Blown to pieces
I COMPLETELY agree with Mountaineering Scotland’s David Gibson on the wind farm blight.
Considerable damage is being done to the landscape, some of which will never repair. Moray in particular is inundated by large-scale developments, most of which have subsequently also been allowed to significantly expand after the initial consent furore has died down.
The speed and scale of these applications appears, at last, to be slowing, but it is still distressing to think of what the final cumulative effect will be when the many more already consented, but not yet started, are also built.
The massive Dorenell wind farm on the edge of, and visible from, the Cairngorms National Park is under construction and it is now clear that this involves shifting and permanently damaging huge areas of hillside and moorland in Upper Glenfiddich.
Ironically the similar, but smaller, disruption of the complicated and sensitive geology and ecology involved in putting the associated transmission line underground was strongly objected to by Scottish Natural Heritage so now a high line of pylons has been added to the negative visual impact on this planning policy designated ‘Area of Great Landscape Value’ and the landscape setting of the iconic hilltop ruin of Auchindoun Castle.
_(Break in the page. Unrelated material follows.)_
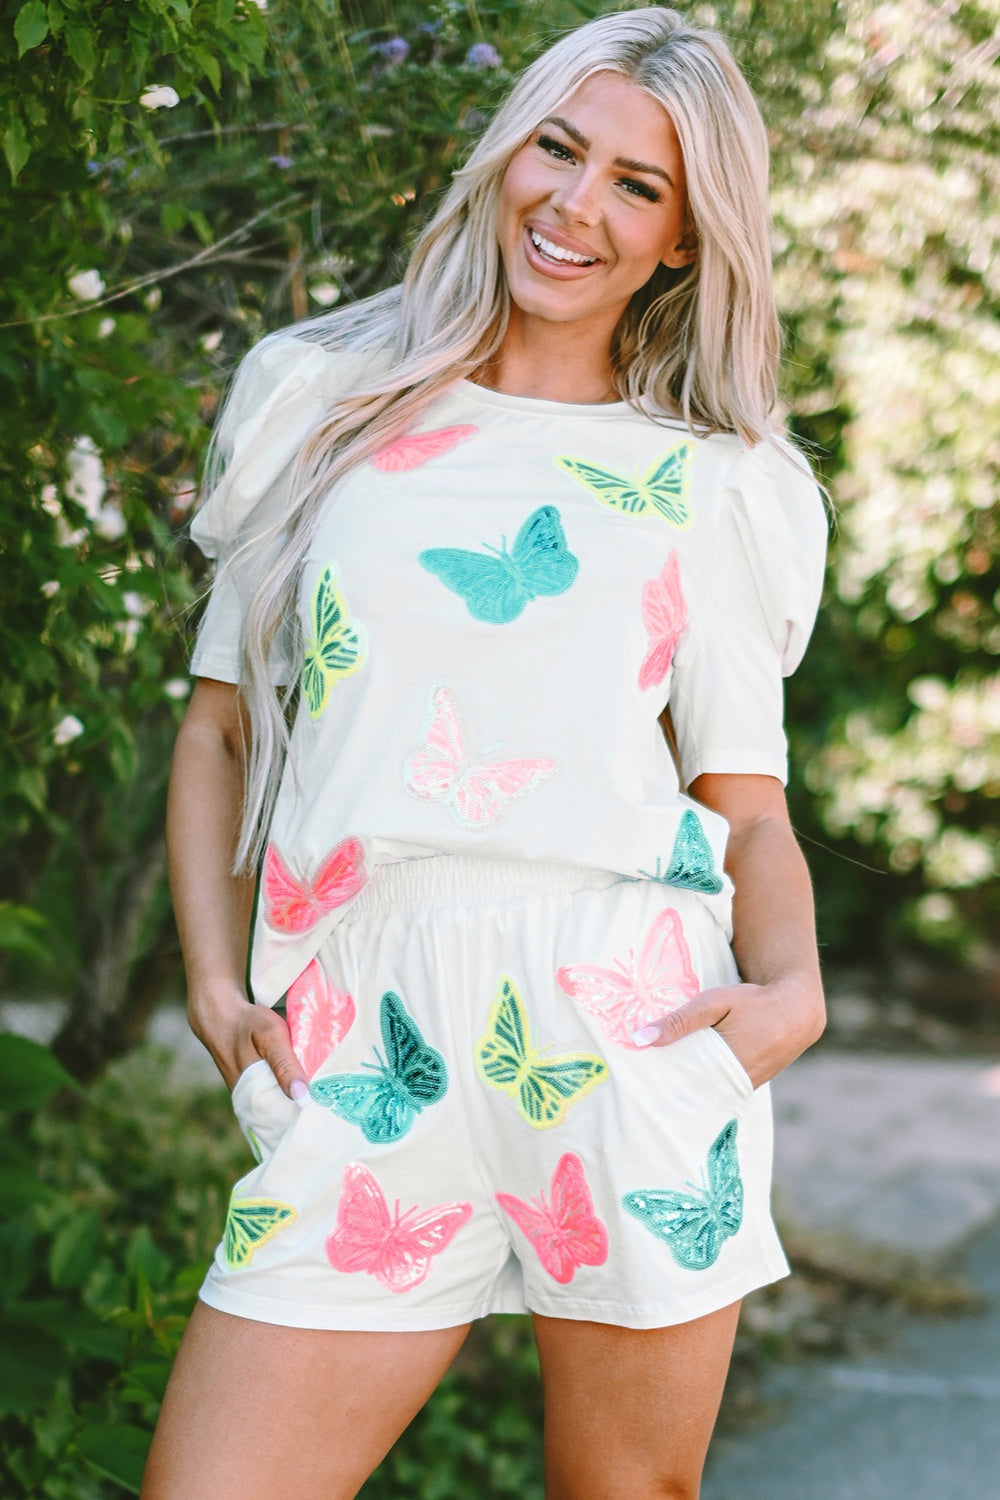 Butterfly Round Neck Top and Shorts Set

What are the chances that those in government and their advisers who have shaped, consented or acquiesced this development will ever
come to site to realistically review the effect their actions have made to the amenity of residents and international visitors? Very small I suspect. COLIN MACKENzIE, Dufftown, Banffshire. I lOOk forward to the day Scotland is free. Free of wind farms and free of the windbags in the SNP who are trashing the countryside with them. PHIL JOHNSON, Bishopton, Renfrewshire.